I was wondering if i could put potting soil under my gravel for my plants with roots?


----------



## squirrelcrusher (Sep 23, 2009)

How-To: Mineralized Soil Substrate, by Aaron Talbot - Library - Aquatic Plant Central

Mineralized soil is what you want. I've set up a couple tanks with it and its worked good so far.


----------



## TylerT (Jul 11, 2010)

where did you find the pottery clay?


----------



## NursePlaty (Feb 5, 2010)

*Thats what I did, used that exact same site back when I used topsoil as my substrate. I found my pottery clay at Michaels Design. I picked up any natural clay that was red. Mine was Mexican pottery clay.

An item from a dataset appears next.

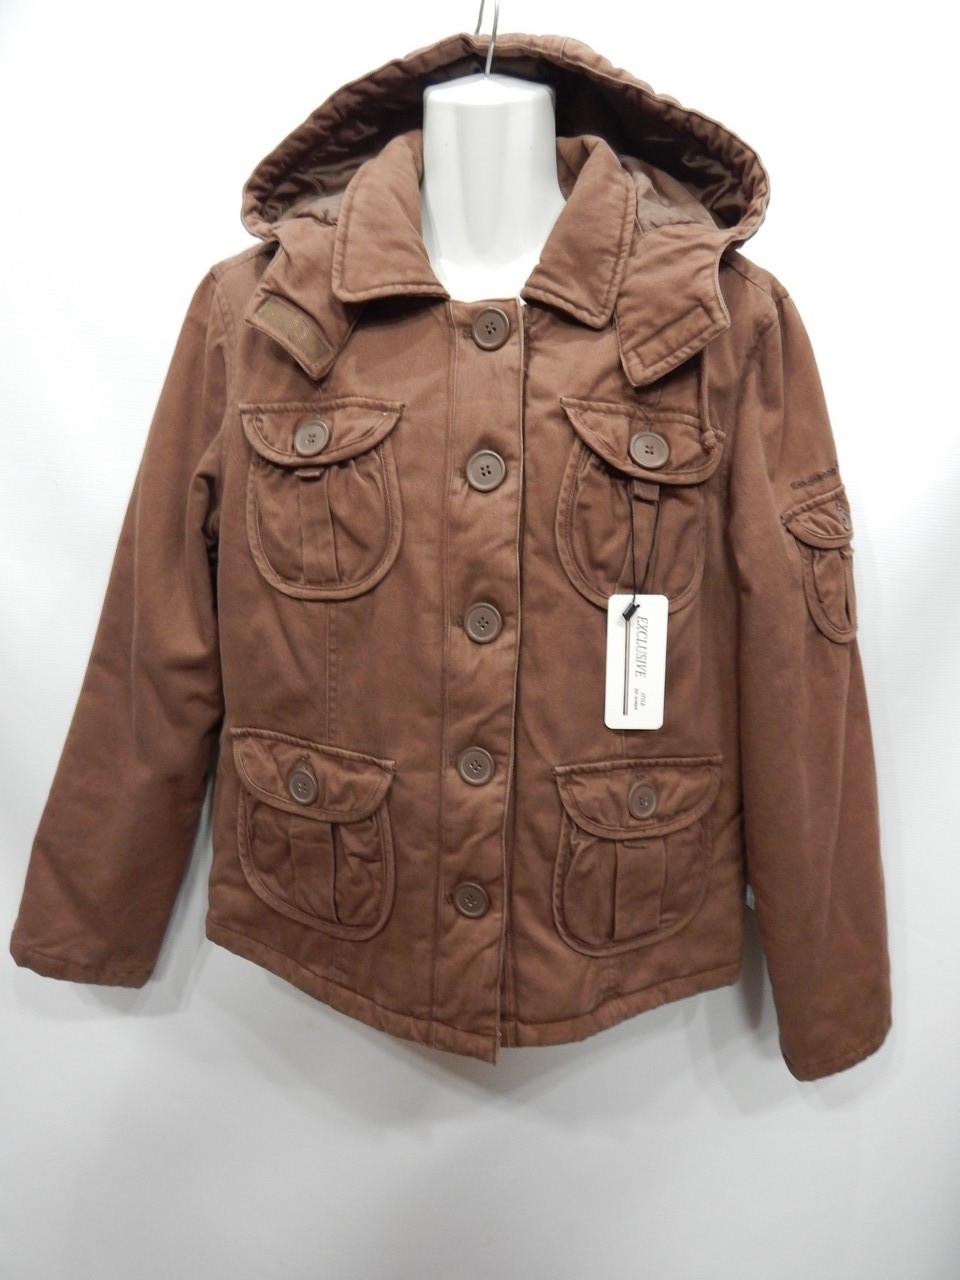 Куртка  женская демисезонная теплая Vintage KangaROOS  р.48-50 011GK

Some clays are dyed red, so dont get those.*


----------



## TylerT (Jul 11, 2010)

thank you for the help


----------



## BigDaddyKing (May 31, 2010)

u dont really need all the stuff that list on the site.

all u need is top soil, and gravel.

u can replace the pottery clay for penny. 
use the penny for iron. if not u can always use soil clay.


----------



## TylerT (Jul 11, 2010)

can i get penny at a home depot? or lows?


----------



## BigDaddyKing (May 31, 2010)

penny as in 1 cent coin ... loL
some ppl use hardware nails the rushy one for iron.

1 layer of soils, top it up with nails, and then top it up with 1 more layer of soils, than top layer will be ur gravel.

u should have 3 to 4 inch of soils and 1 inch of gravel, depends on how much u wanna use.


----------



## TylerT (Jul 11, 2010)

ahhh yea i would have to sterilize the pennys right?


----------



## BigDaddyKing (May 31, 2010)

it should be safe if the tank is just a plant tank, im not sure about adding fish.

so ask around first b4 u do anything. just to be on the safe side


----------